U.S. court rules police, teacher furloughs illegal Order to restore pay may cost Baltimore at least $3.3 million

September 24, 1992|By Mark Bomster and Norris P. West | Mark Bomster and Norris P. West,Staff Writers Staff writers Michael A. Fletcher and Roger Twigg contributed to this article.

Baltimore illegally furloughed thousands of teachers an police officers to save money this year, according to a federal court ruling that could cost the city at least $3.3 million in back pay.

The ruling could have implications far beyond Baltimore if employee unions around the state use similar arguments to challenge budgetary furloughs, union and legal experts said.

The decision by Senior U.S. District Judge Joseph H. Young involves members of the Baltimore Teachers Union and the city's Fraternal Order of Police, who were furloughed 2 1/2 days each between Jan. 16 and April 15. The judge ordered that their pay be restored within 30 days.

Judge Young said the city had a contractual obligation to pay employees their negotiated salaries.

"Once a fiscal year has begun, an employee has every reason to expect that the wage rates fixed for that year will remain constant throughout the year," he stated. "City employees were justifiably relying on full paychecks to pay for such essentials as food and housing."

Mayor Kurt L. Schmoke said the ruling could cost $3.3 million in back pay for teachers and police officers alone.

If other city workers who endured furloughs "exercised the same rights, we would have to make up [an additional] $4 million," the mayor said.

The City Union of Baltimore and Local 44 of the American Federation of State County and Municipal Employees have similar lawsuits pending in city Circuit Court.

The mayor warned that furloughs were the city's only way of avoiding layoffs and that without that option, it could be forced to lay off workers if hit by a proposed cut in state aid this fiscal year.

Employee unions, meanwhile, saw the Sept. 18 ruling as a potent weapon for fending off attacks on their contracts.

"We are elated," said Lorretta Johnson, co-president of the 8,700-member Baltimore Teachers Union. "We never thought the mayor had the right to do what he did."

William H. Bolander, executive director of AFSCME Council 92, said more than 40,000 state employees were furloughed this year.

"I'm glad to see we're beginning to get some justice with this," he said of the judge's ruling. "I think it's quite possible that we can go back to this issue."

But police union officials were offended that the mayor would challenge the ruling a day after pledging support for the police at the funeral of an officer killed in the line of duty.

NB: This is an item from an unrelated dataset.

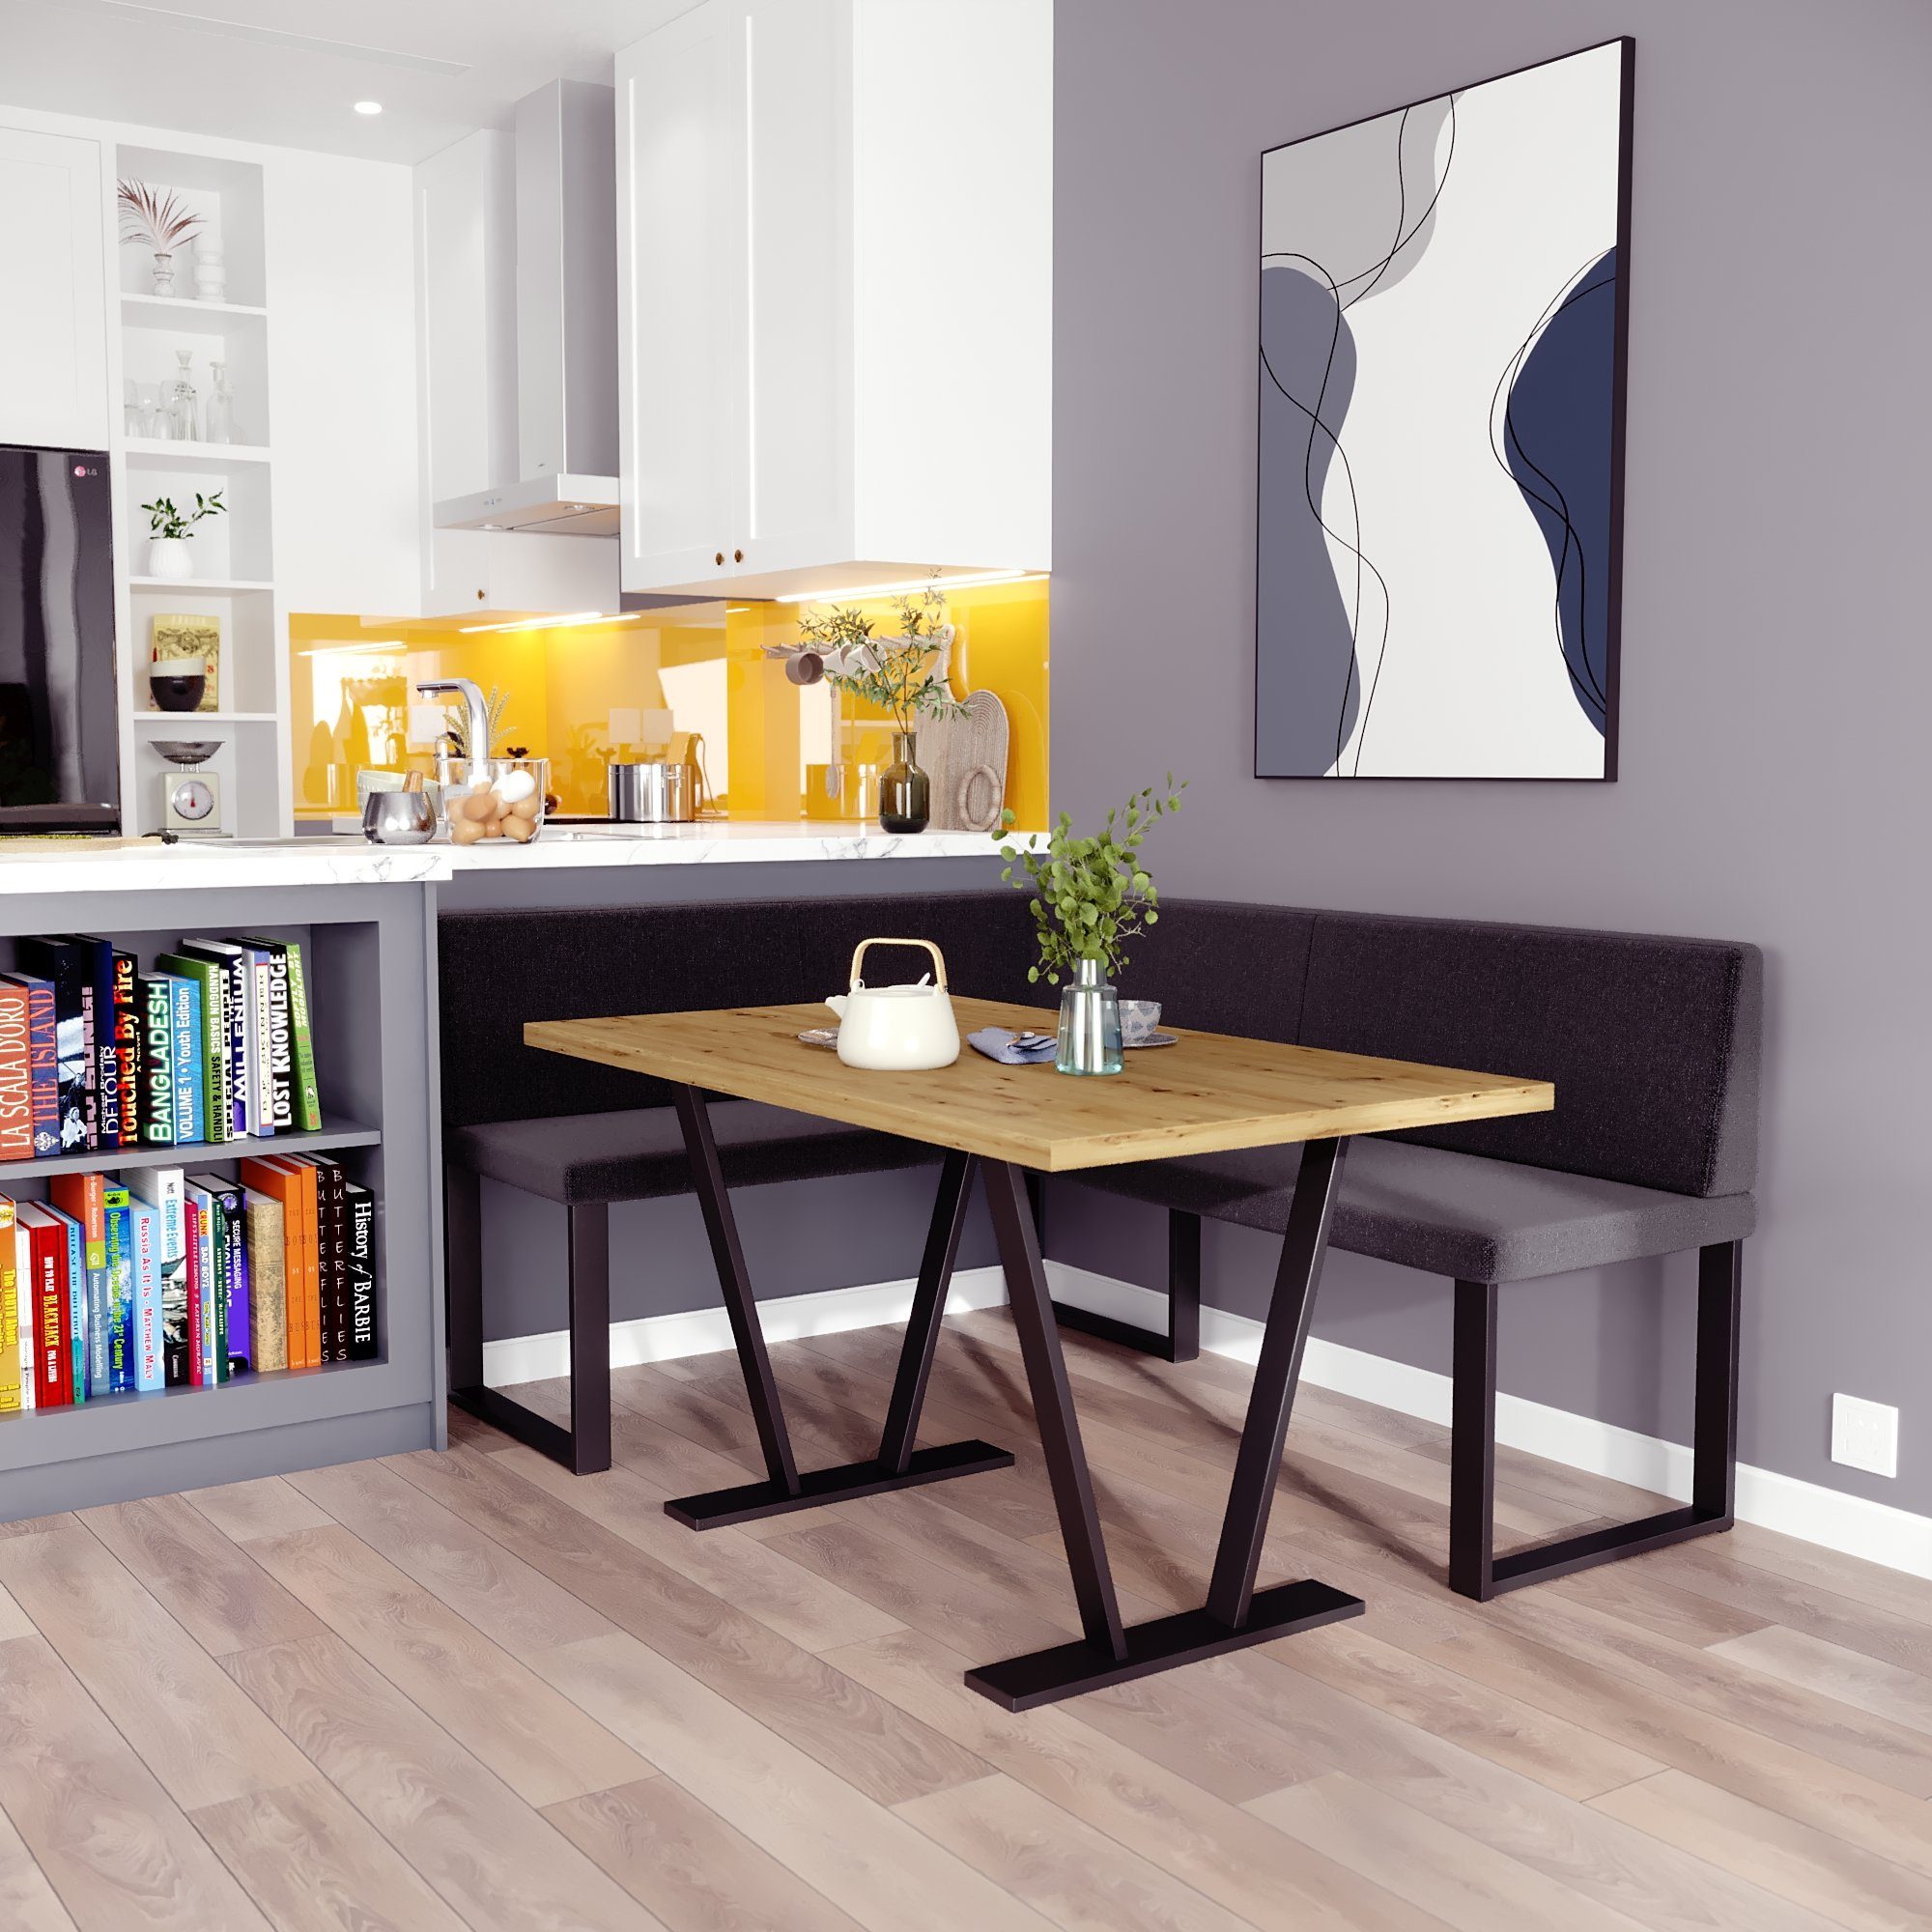 sofa4you Eckbankgruppe Alina Metall mit Tisch, Moderne Sitzecke perfekt für Ihr Esszimmer, Küche (128x168/142x196) schwarz

Herbert R. Weiner, an attorney for the police union, said the mayor's position "sends a real chilling message to the membership -- we can no longer trust the city. At a time like this, it really hurts."

City lawyers had argued that the furlough was legal under emergency state legislation last year authorizing local governments to take drastic action to deal with cuts in state aid.

In his decision, Judge Young did not rule on whether a piece of that legislation known as the Neall Amendment was constitutional.

But he also said the legislation doesn't give Baltimore the authority to break contracts with its workers.

A contract could be broken only if it was necessary to serve an important public purpose, the judge said, and in this case, he said, it was not.

He went on to note that the cuts in state aid to the city amounted to a tiny fraction of its $2 billion budget for fiscal 1992. And they came on the heels of a property tax cut of 5 cents per $100 of assessed value.

"Alternatives always exist to imposing the cost of budgetary shortfalls on a class of contracting parties such as city employees," Judge Young said. "The city could have shifted the burden from another governmental program, or it could have raised taxes, an option the court recognizes would not have been popular among politician-legislators."

Legal authorities were still sorting out the ruling's implications last night.

In Baltimore, the most immediate question is the effect it will have on the other lawsuits by city employees.

"The chances are that the decisions will follow Judge Young's decision," said Ambrose Hartman, deputy city solicitor.

If that happens, Mr. Schmoke said, "layoffs would be our only alternative. Our choices for dealing with a midyear economic crisis are limited."

"These cases are invariably going to turn on the particular facts ,, and circumstances," said Jack Schwartz, chief counsel for opinions for the state attorney general's office, who had not read the ruling.

If employees in another jurisdiction challenge a similar furlough, a judge is likely to look closely at the reasons raised by the local government in taking that action, he said.

"If the issue is the justification, then that justification -- or lack of it -- is going to depend on the particular facts," Mr. Schwartz said. "That's going to vary significantly from one place to another."

Margaret-Ann Howie, a legal expert with the Maryland Association of Boards of Education, said the ruling could clear the way for challenges to any local government that imposes similar furloughs.